The girlfriend has nothing, no POA. The funeral home notified SS, and we verified that. We closed his bank personal account as well as notified his company's pension dept he retired from to halt those payments. I'm sure she would've kept on receiving payments if she could have.. We are at the point of searching for a lawyer. I think the tax thing will put us there, and to be be declared as executor of the estate.
First of all, even if a power of attorney existed, it dissolves upon death. You can't use a POA to act for a deceased person, so that's irrelevant.
It sounds like you want to file a return just to block the other person from also e-filing a tax return. I think this is probably a bad idea, because it will almost certainly be wrong or incomplete, and amended returns are taking up to a full year to process. You want to get this right, not rushed.

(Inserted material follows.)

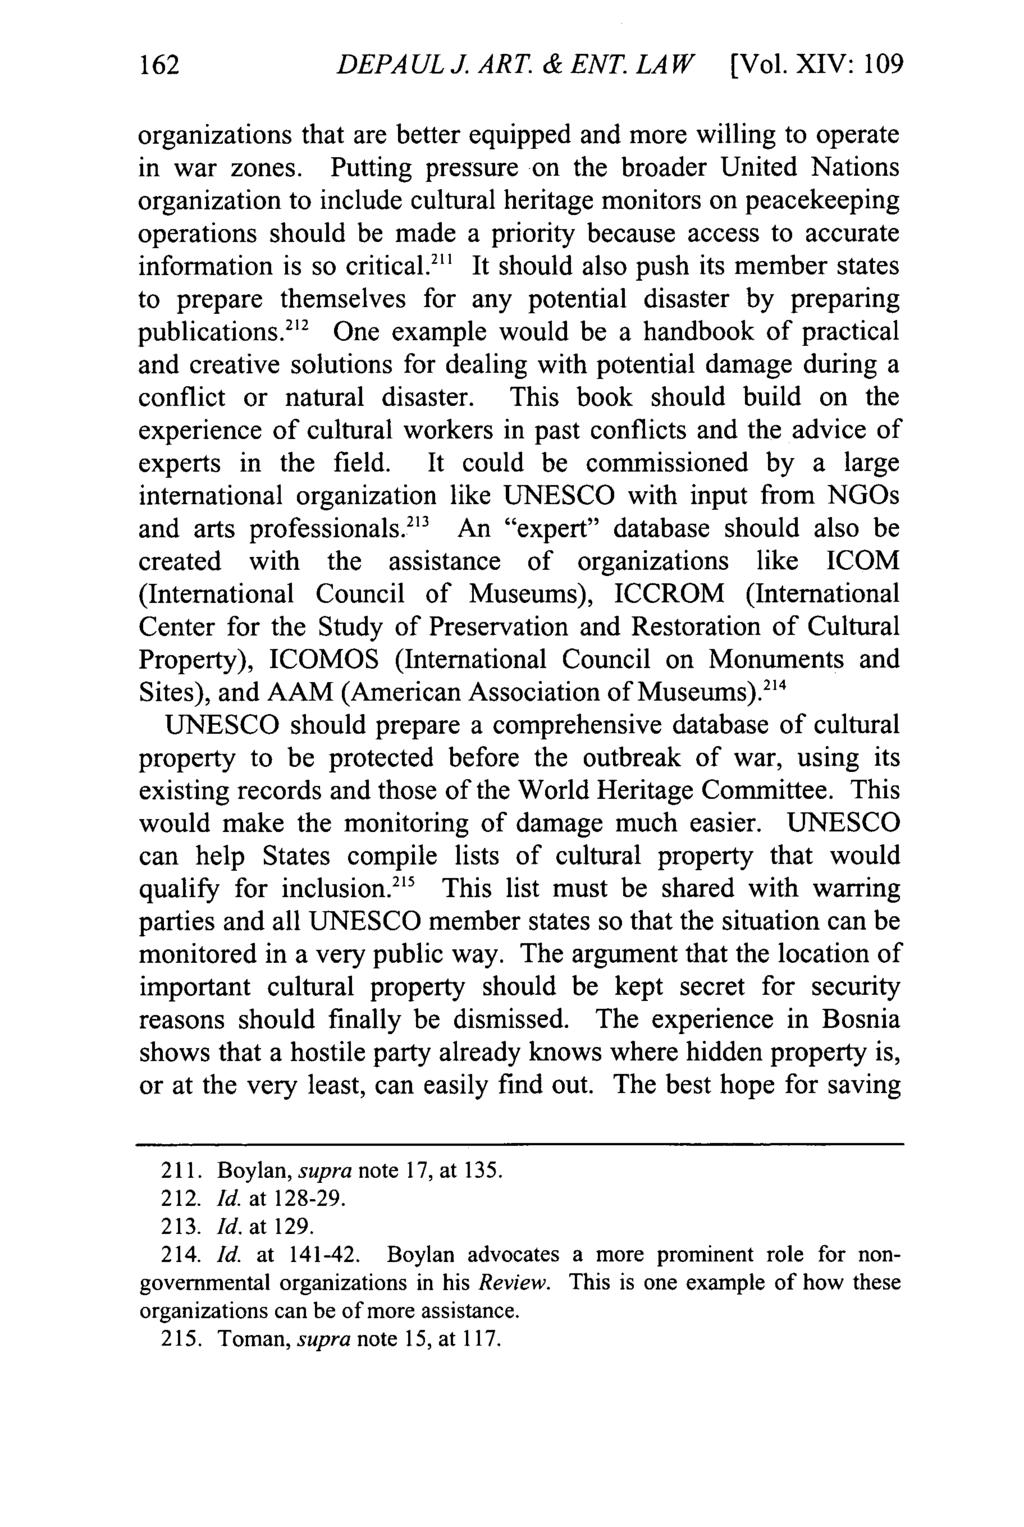 DePaul Journal of Art, Technology DEPAULJ.ART. & Intellectual Property &ENT.LAW Law, Vol. 14, Iss. [Vol.XIV: 1 [2016], Art.

No one can legally file for a deceased person without a declaration that they are the person's executor or personal representative. Typically this is done by signing your name to the tax return on paper with "personal representative" next to it. To get a deceased person's tax refund sent to you, you must file a form 1310 with your tax return, and that also requires a declaration that you are appointed their personal representative, and you can't e-file this form. You must mail it (with a full return or separately after e-filing the main return) and attach a copy of the court order designating you as the personal representative.
So there is not too much worry that someone else could claim your father's tax refund, and lots of ways to prove the person was wrong if they tried to do so.